Осмотрелся. Да вроде все ладно. Тихо, полутемно… Кони стоят в денниках, все спокойны, обихожены, вычищены. Даже странно видеть среди этого порядка небрежно разметанный стожок сена, валяющиеся рядом вилы.
Что ж так напугало конюшонка? Почему он бросил работу, почему сбежал, почему крестился, будто черта увидал?
Ганька наклонился подобрать вилы — и замер. Почти на уровне земляного пола, напротив его глаз, зияла в стене изрядная дыра, как будто кто-то изнутри пробил ее.
Он невольно перекрестился. Что за чертовщина?! Что за сила нечистая сидела в бревенчатой стене и вышибла ее?

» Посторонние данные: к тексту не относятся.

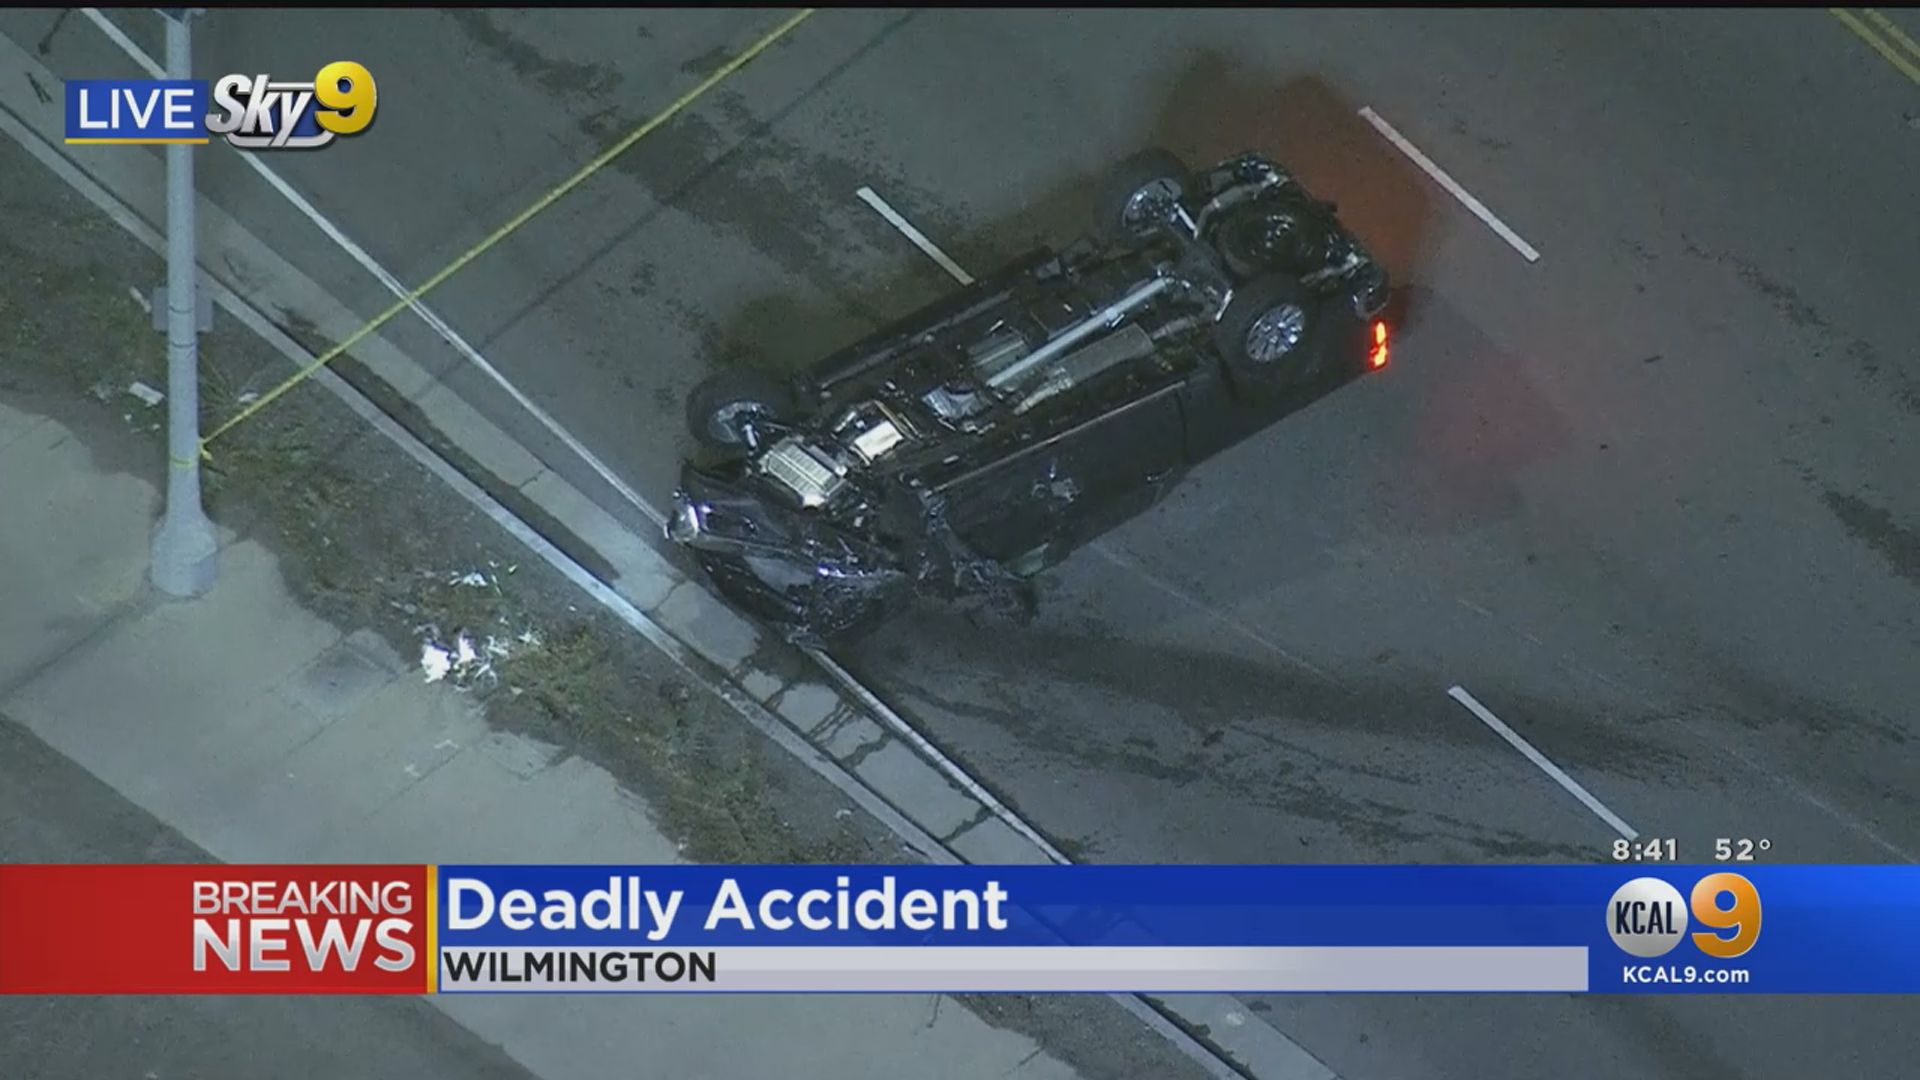 Fatal Car Accident in Wilmington, California near Los Angeles

Ганька даже зажмурился, не веря глазам, а когда снова открыл их и присмотрелся, понял: бревенчатой стены никто не пробивал. Просто меж двух опор сруба была зачем-то вставлена гладко, тонко оструганная дощечка, которую иноземцы называют фанерой. Вон, валяется в стороне. Именно ее и вышиб удар изнутри. Неудивительно, что мальчишка испугался, когда оттуда кто-то вылез…

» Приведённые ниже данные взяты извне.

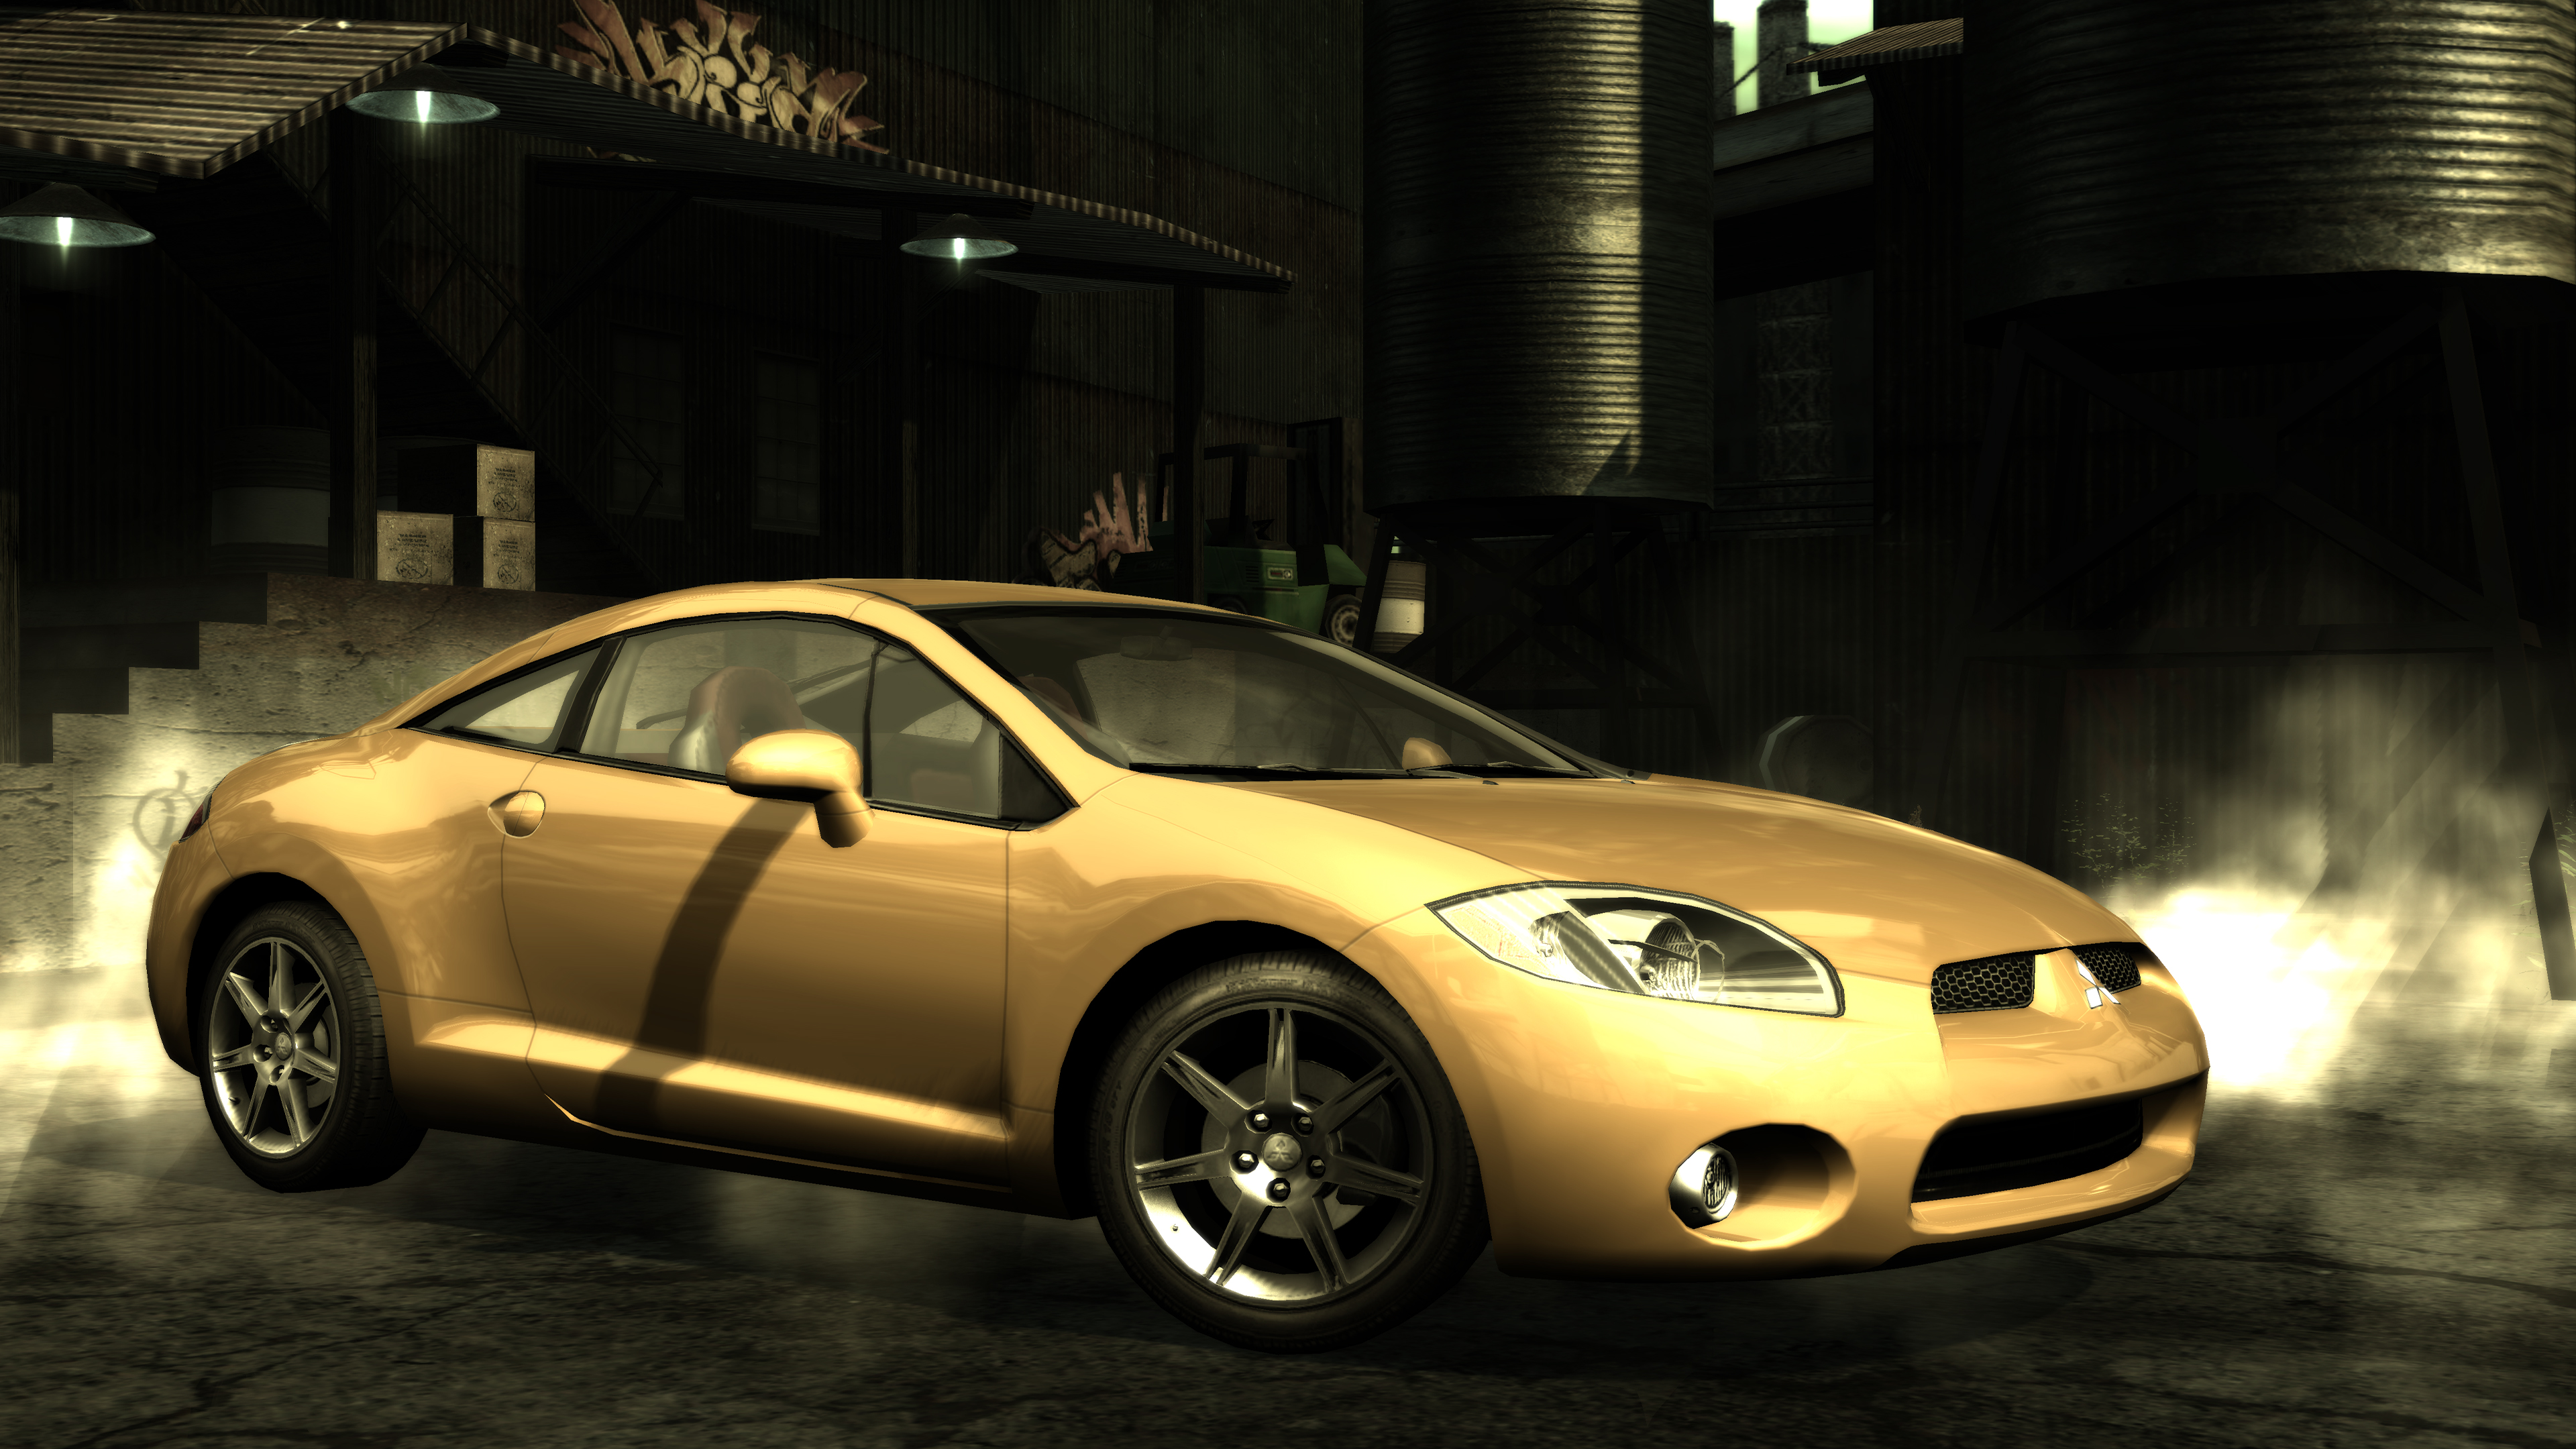 NFS MOST WANTED 2015

Но кто вылез? И где он теперь?!
Ганька осторожно, крадучись обошел конюшню, тыча вилами в сено там и сям, то и дело озираясь и сторожась, чтобы никто не набросился со спины. Постепенно убедился, что в конюшне никого, кроме него, и в помине нет. Но куда ж делся неизвестный, так напугавший конюшонка? Скорей всего, поразмыслив, решил Ганька, он успел выскользнуть отсюда, пока Ганька шел по лестницам и переходам дома. Объевшаяся ватага не обратила на него внимания, значит, он был одет так же, как прочие мужики. А может, свое платье прикрыл каким-нибудь зипунишком-армячишком.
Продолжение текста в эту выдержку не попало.